═══ Data ═══
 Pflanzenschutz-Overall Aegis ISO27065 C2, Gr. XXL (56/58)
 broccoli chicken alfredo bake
═══
═══ Data ═══
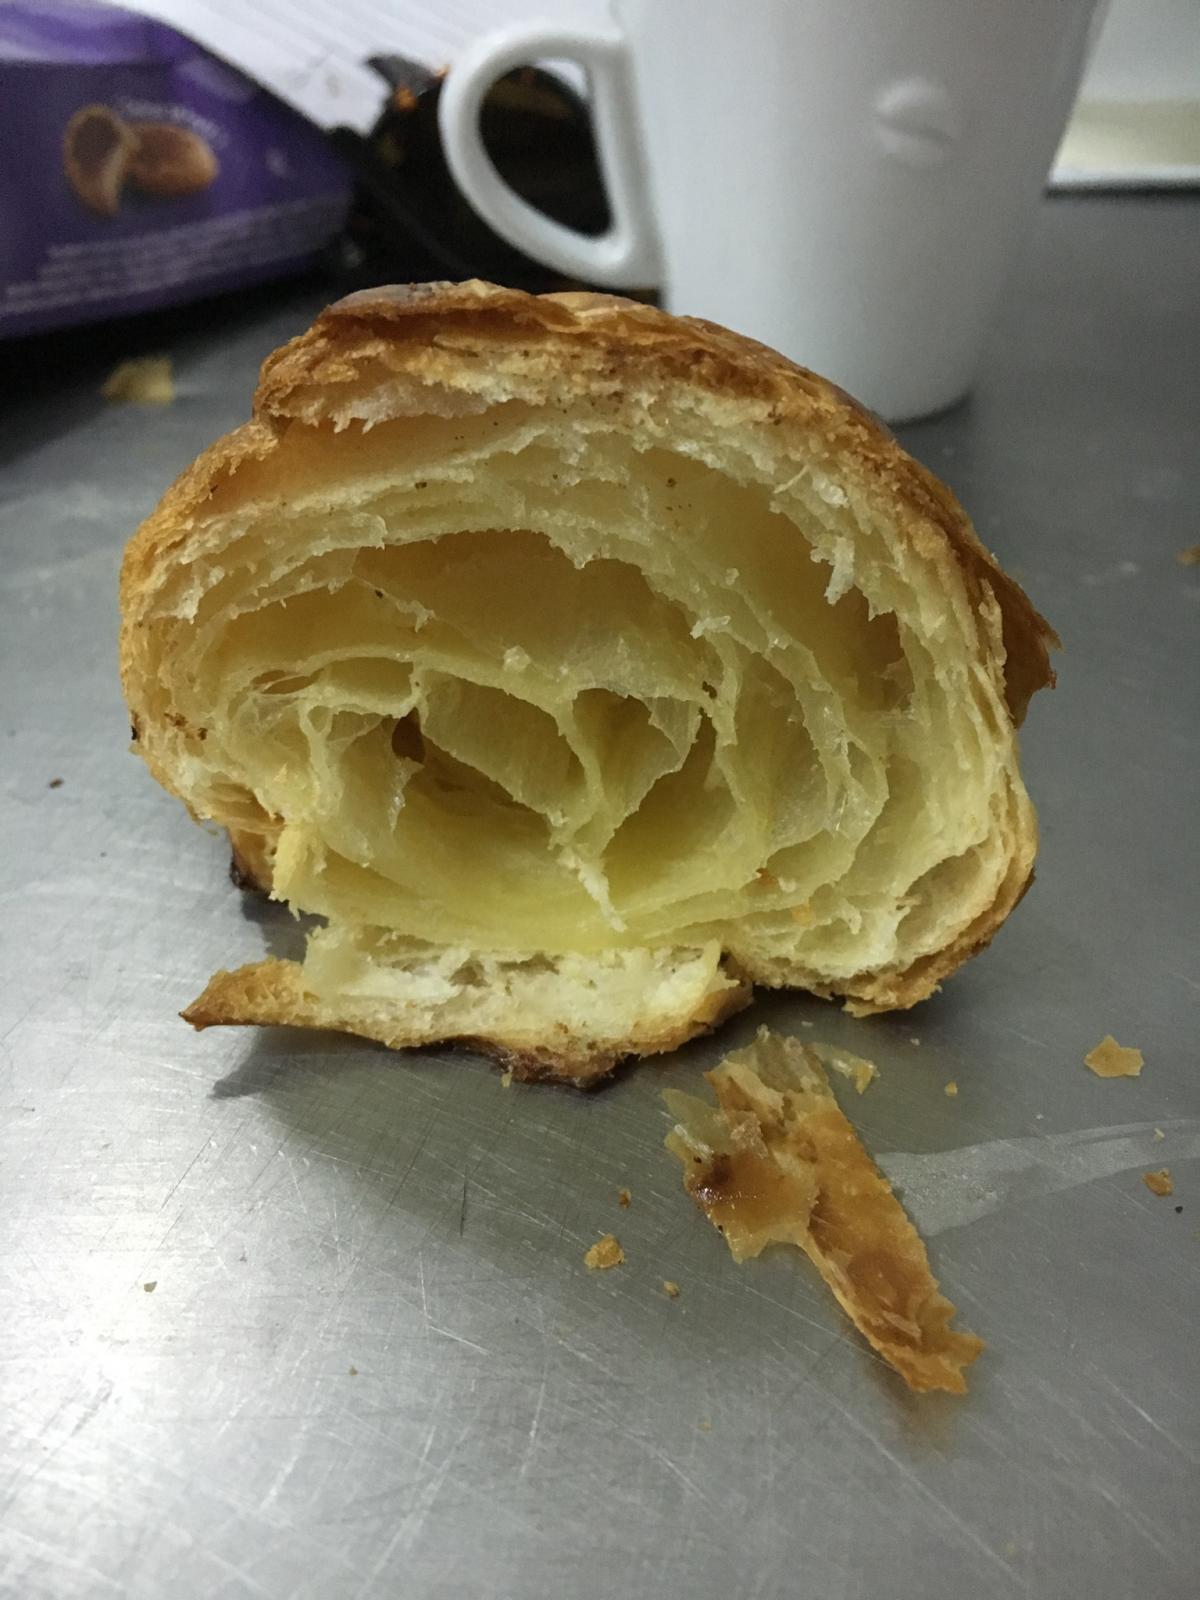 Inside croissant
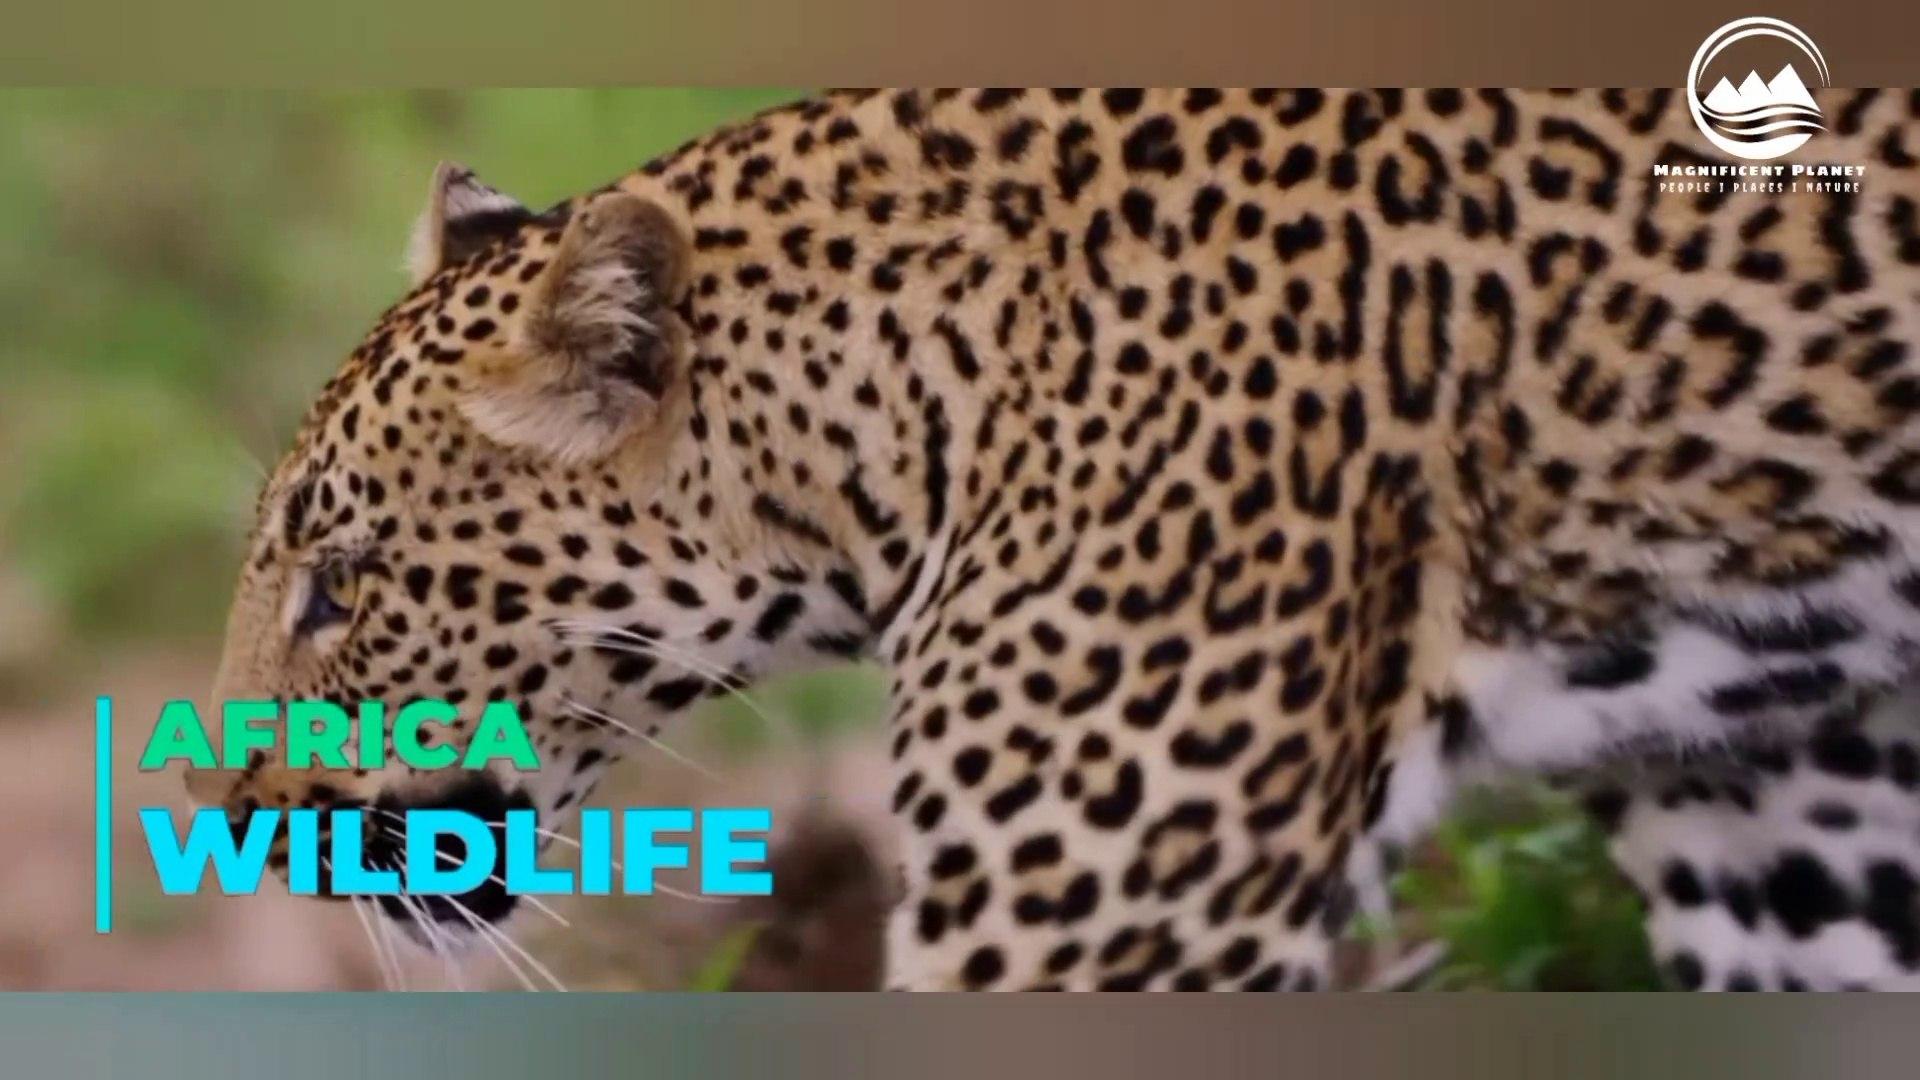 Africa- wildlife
═══
═══ Data ═══
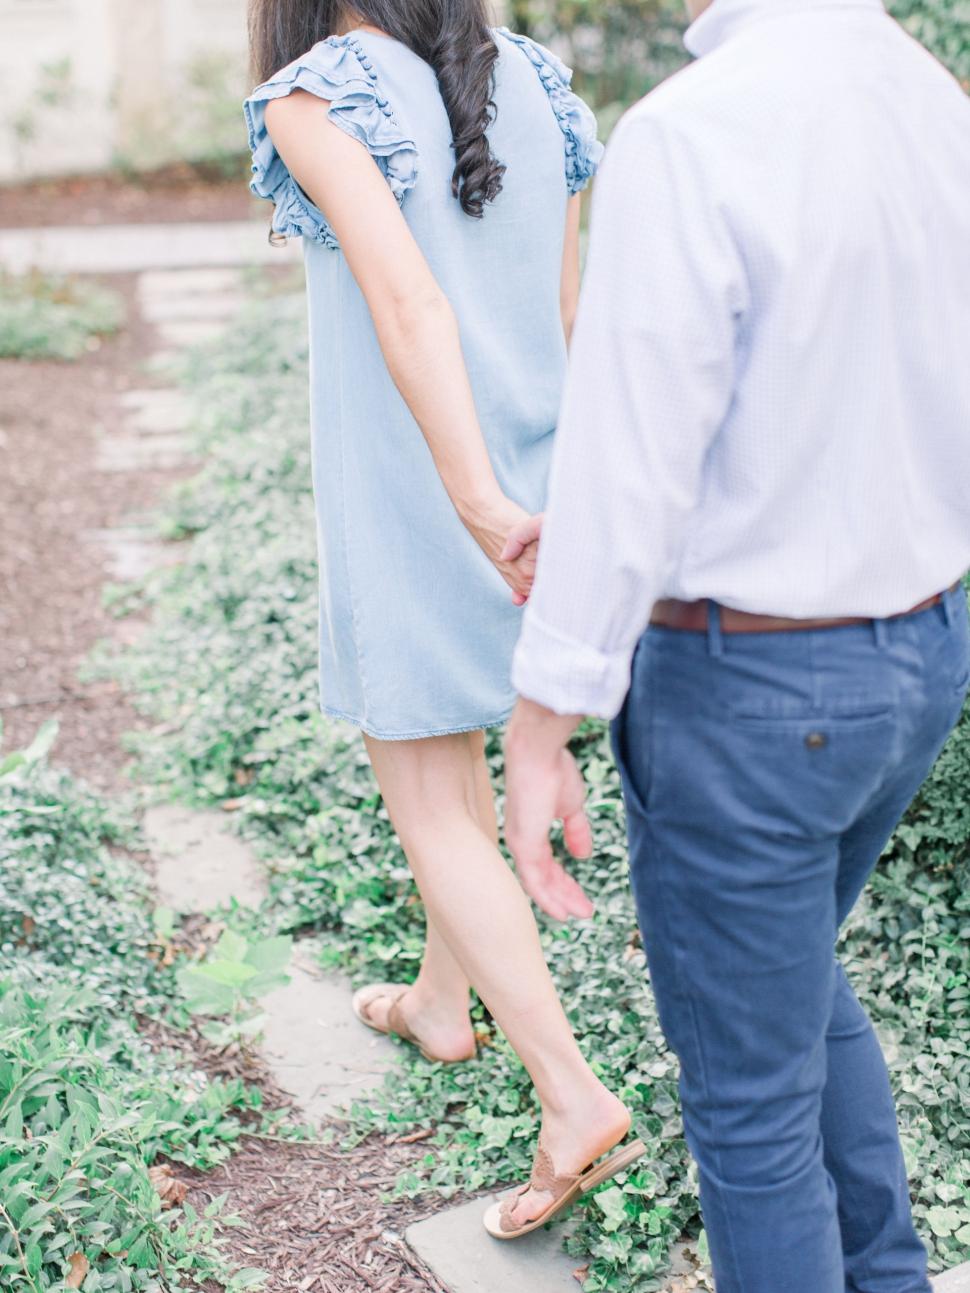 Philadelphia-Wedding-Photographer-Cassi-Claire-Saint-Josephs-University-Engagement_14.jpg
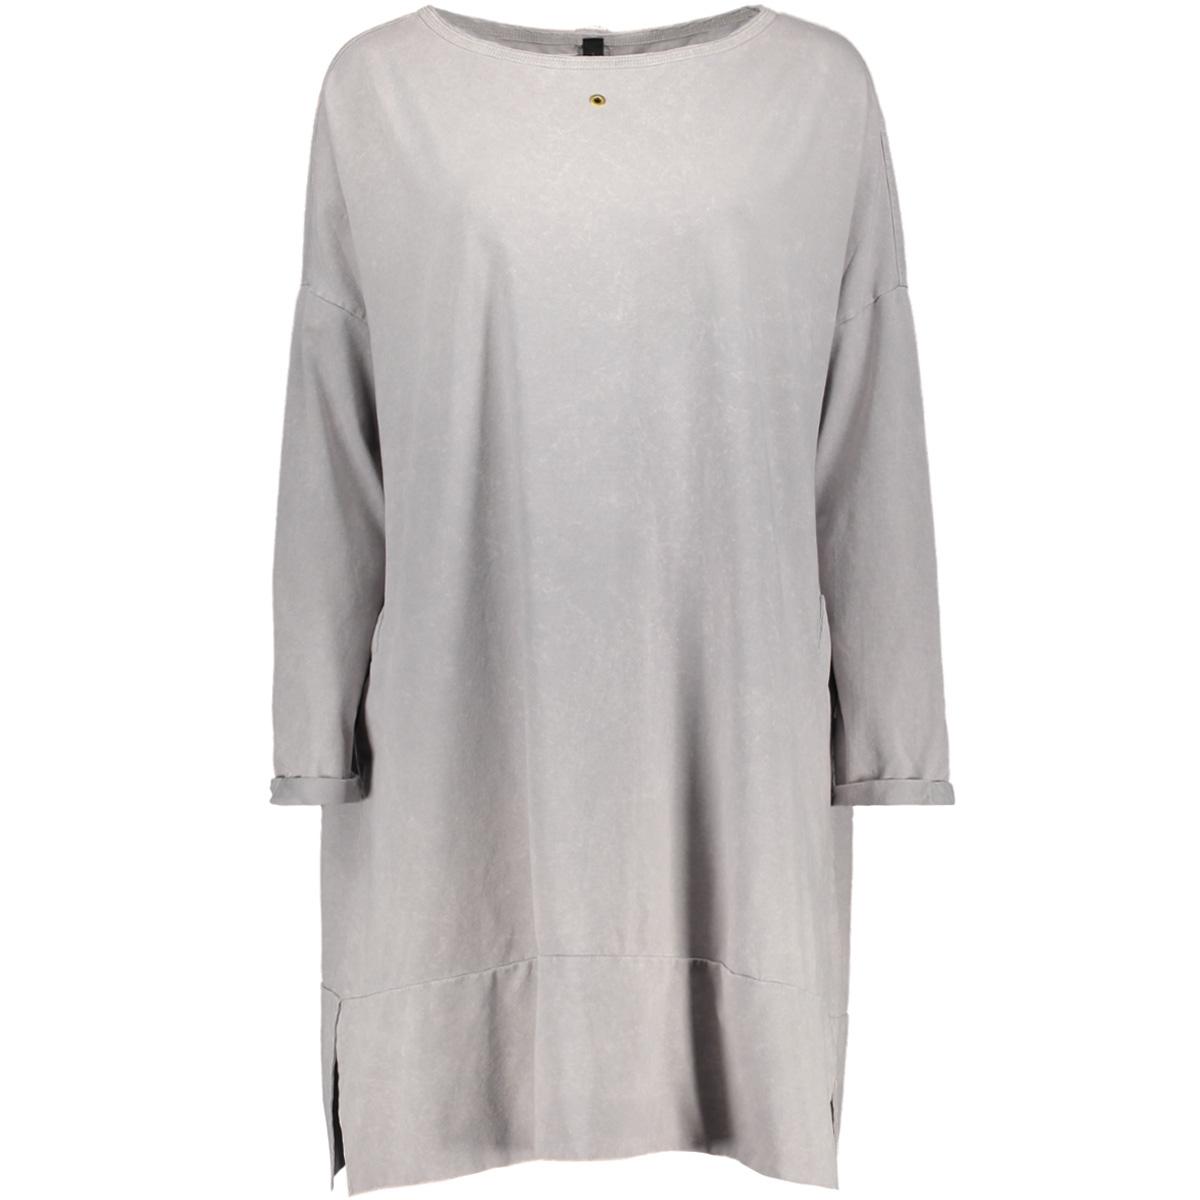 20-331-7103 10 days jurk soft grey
═══
Task: Everything from the line with "Pflanzenschutz-Overall Aegis ISO27065" through the line with "broccoli chicken alfredo bake" in the listing above must be retyped exactly, with nothing added.

Task result:
 Pflanzenschutz-Overall Aegis ISO27065 C2, Gr. XXL (56/58)
 broccoli chicken alfredo bake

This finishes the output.